- **DATA EXCERPT**
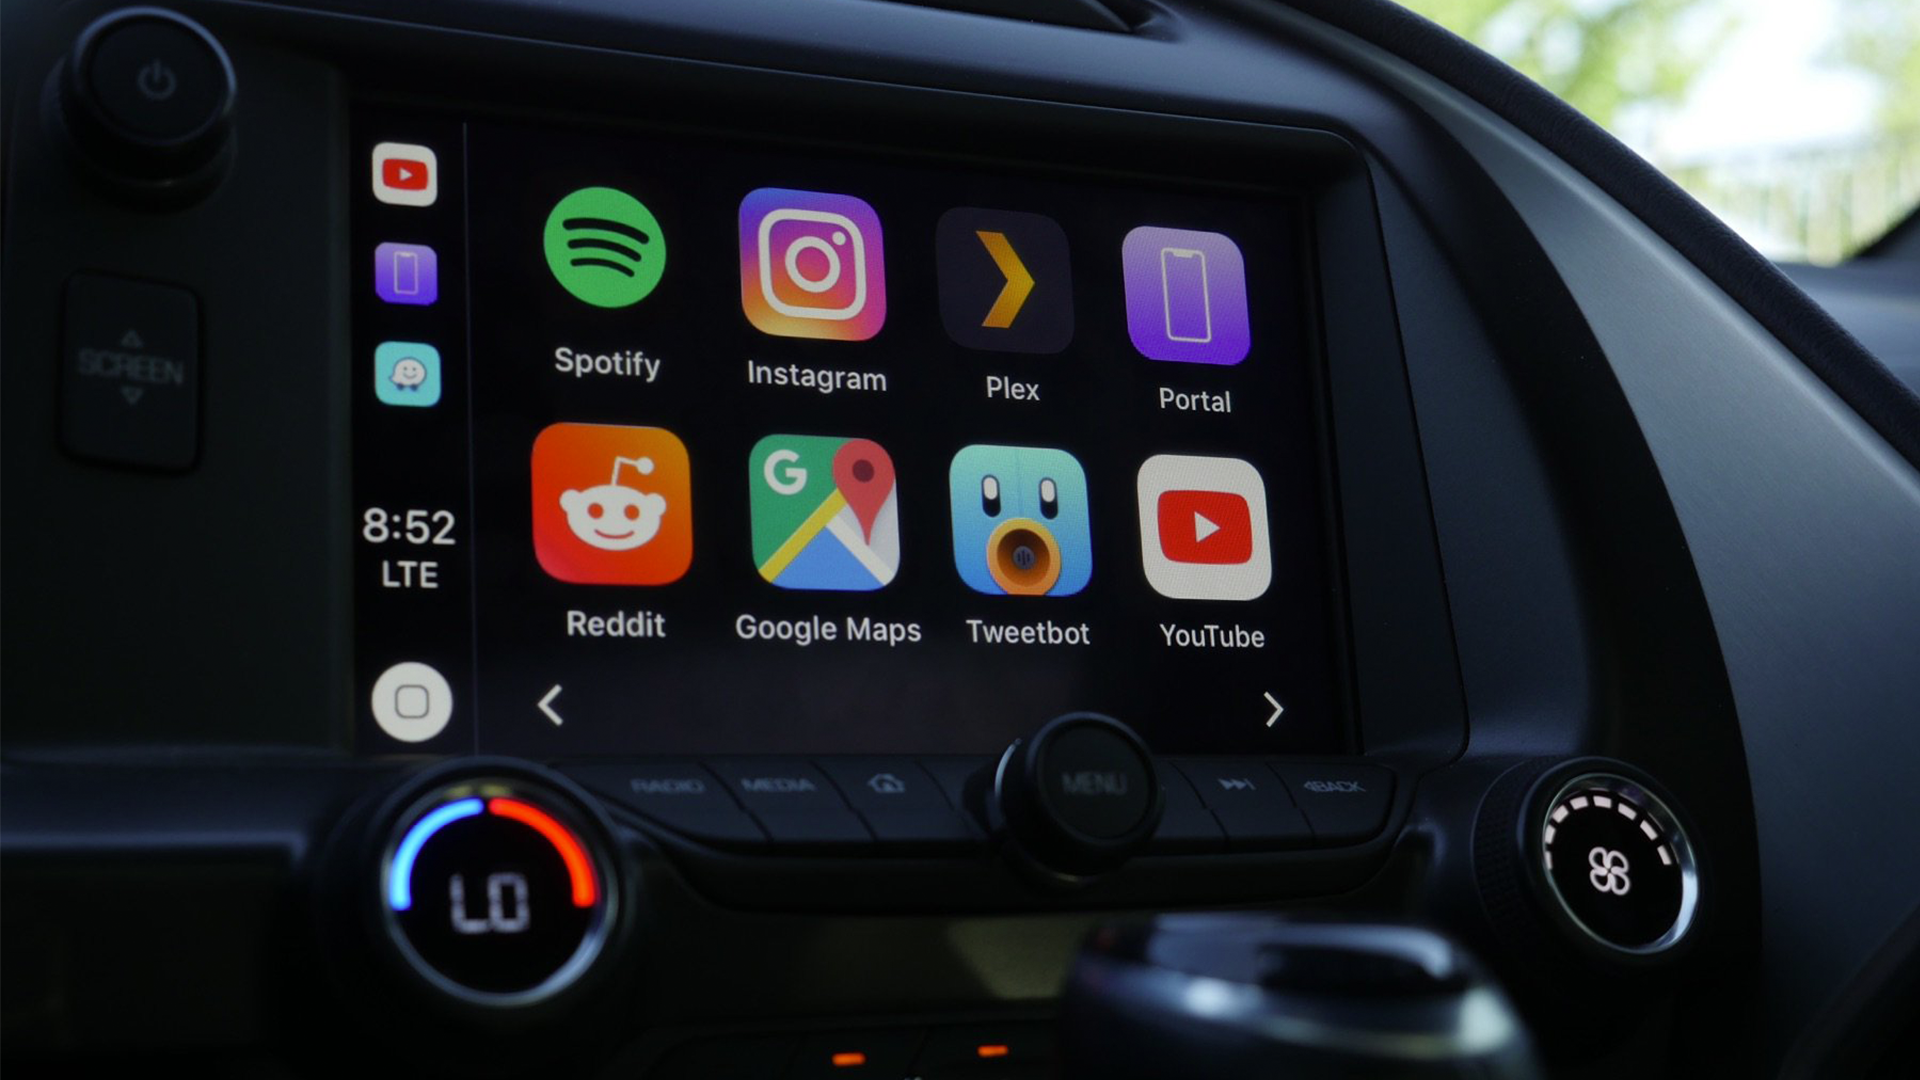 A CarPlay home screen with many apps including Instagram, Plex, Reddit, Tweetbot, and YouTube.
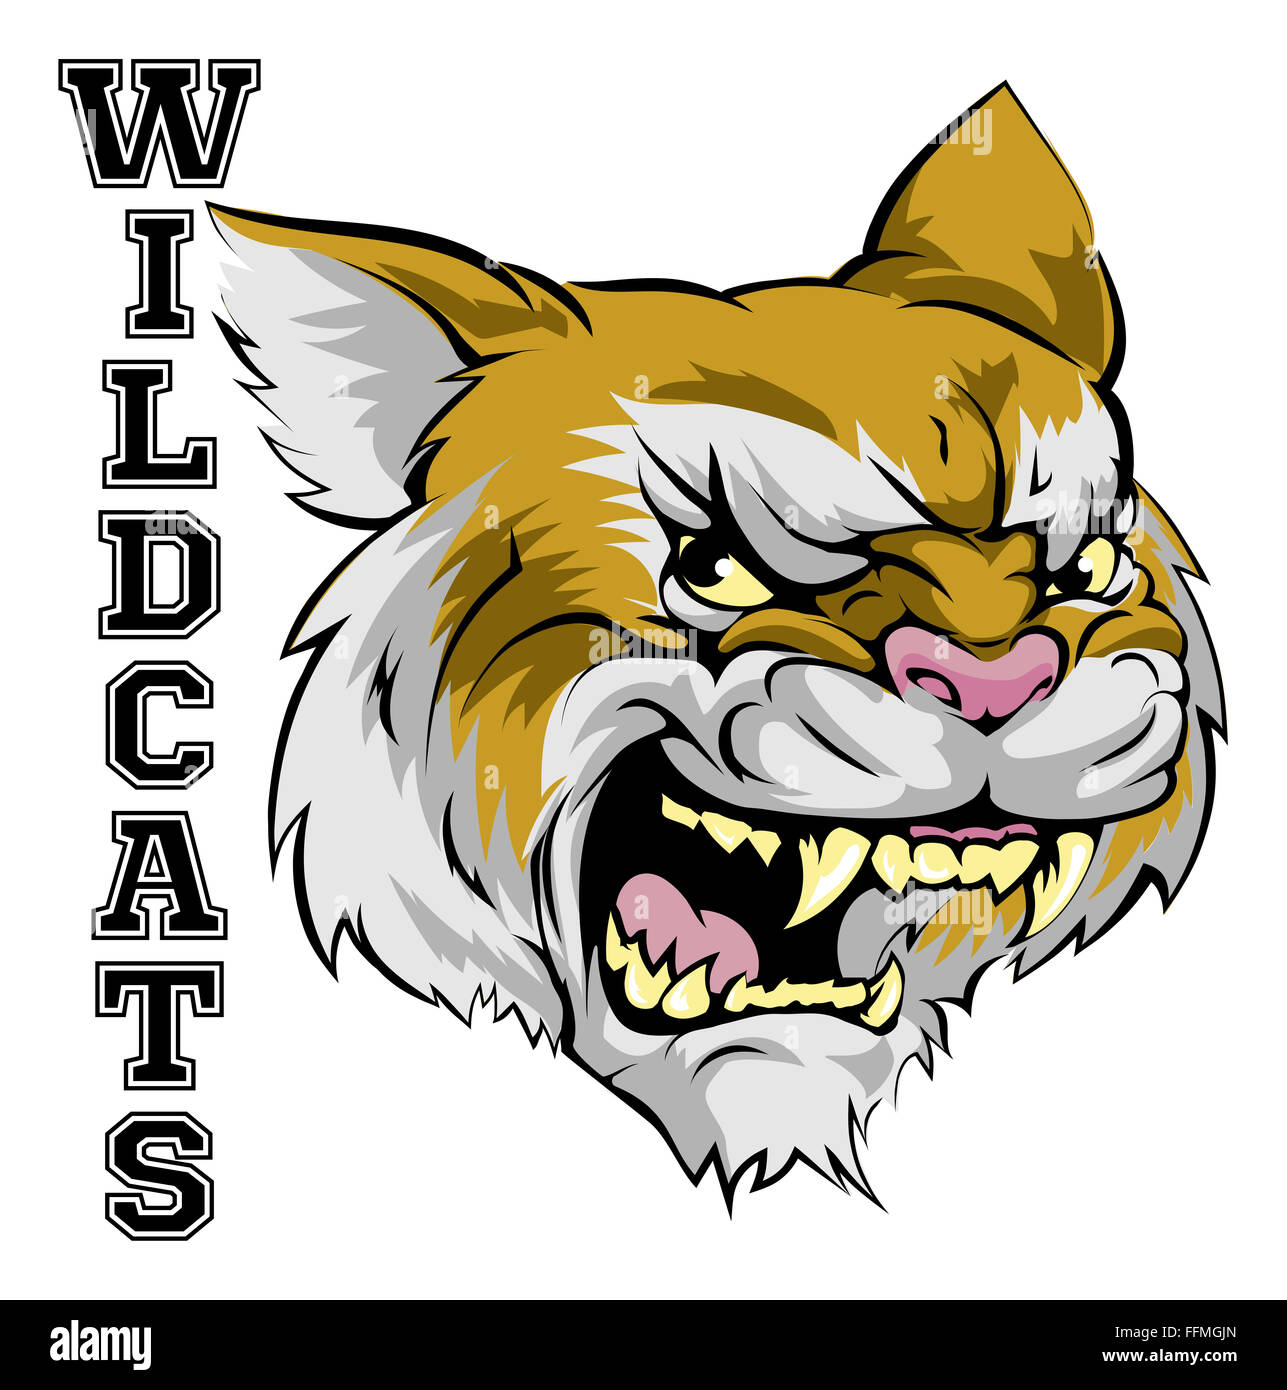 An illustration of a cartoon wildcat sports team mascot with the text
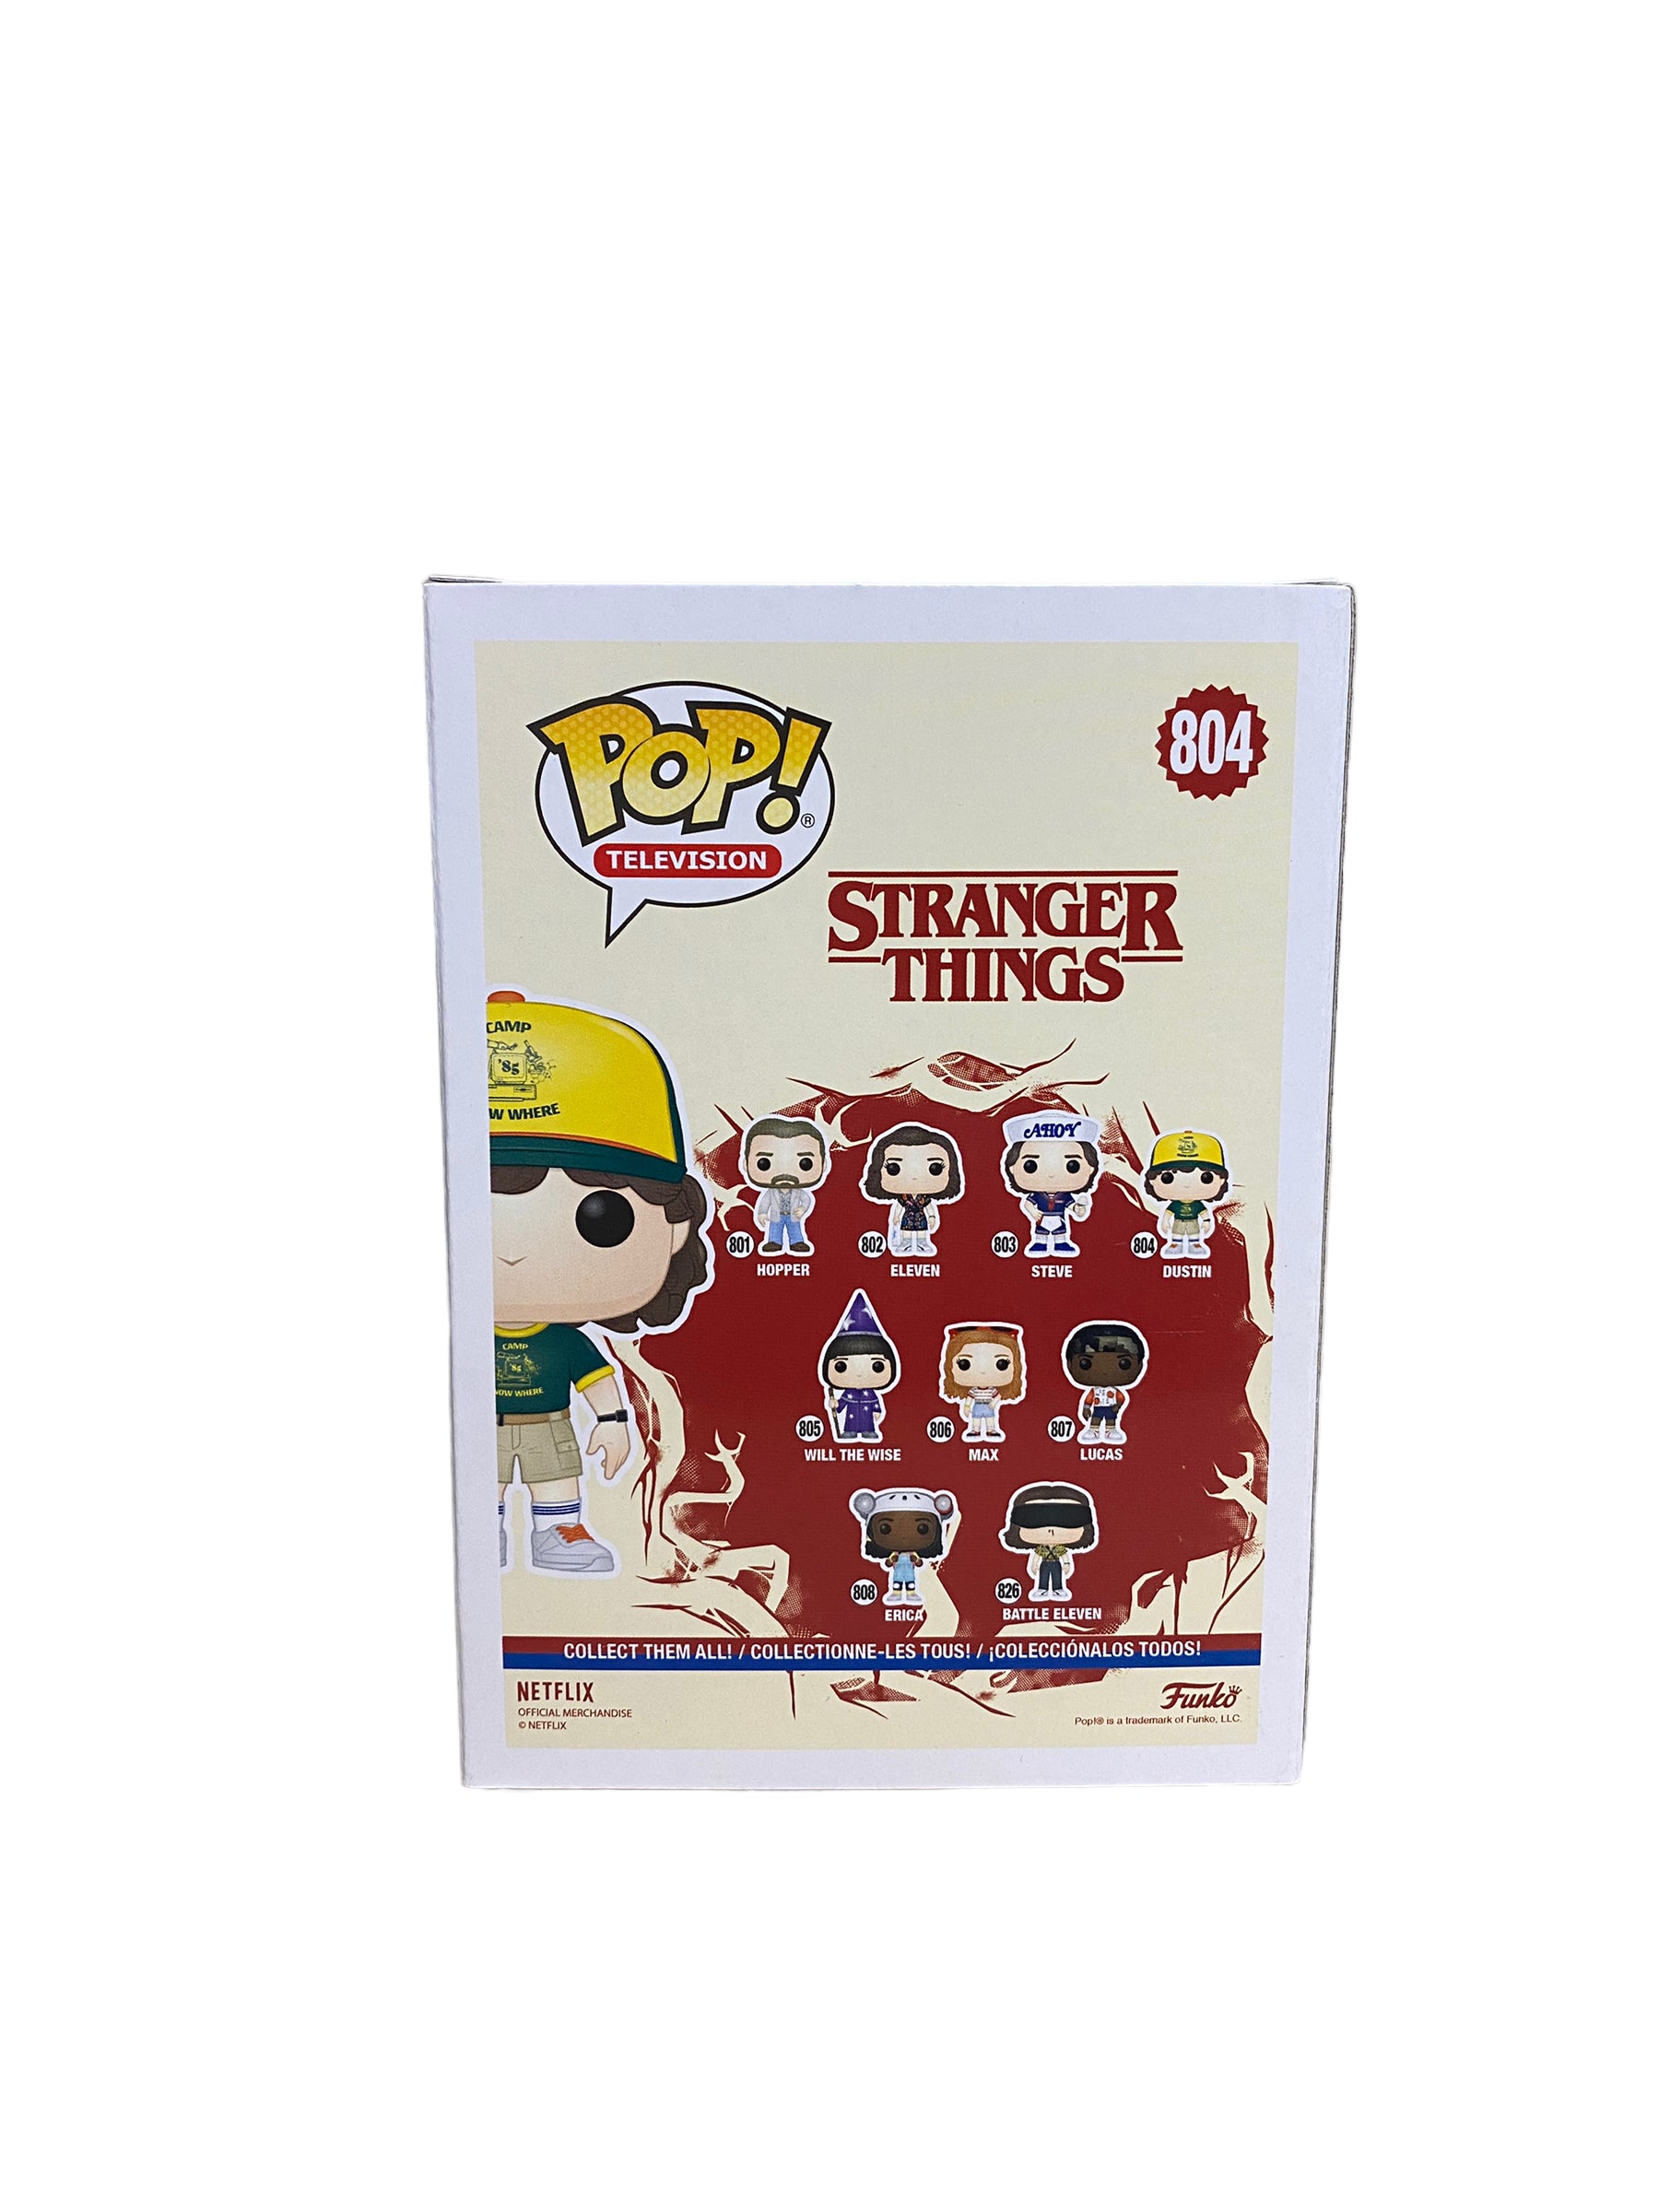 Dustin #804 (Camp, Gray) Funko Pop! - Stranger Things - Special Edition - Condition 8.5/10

- **REQUIREMENT**
Only the lines from the one containing "An illustration of" through the last line of the data may appear in the answer, each given again exactly and with pictures left out.

- **WRITTEN SOLUTION**
 An illustration of a cartoon wildcat sports team mascot with the text
 Dustin #804 (Camp, Gray) Funko Pop! - Stranger Things - Special Edition - Condition 8.5/10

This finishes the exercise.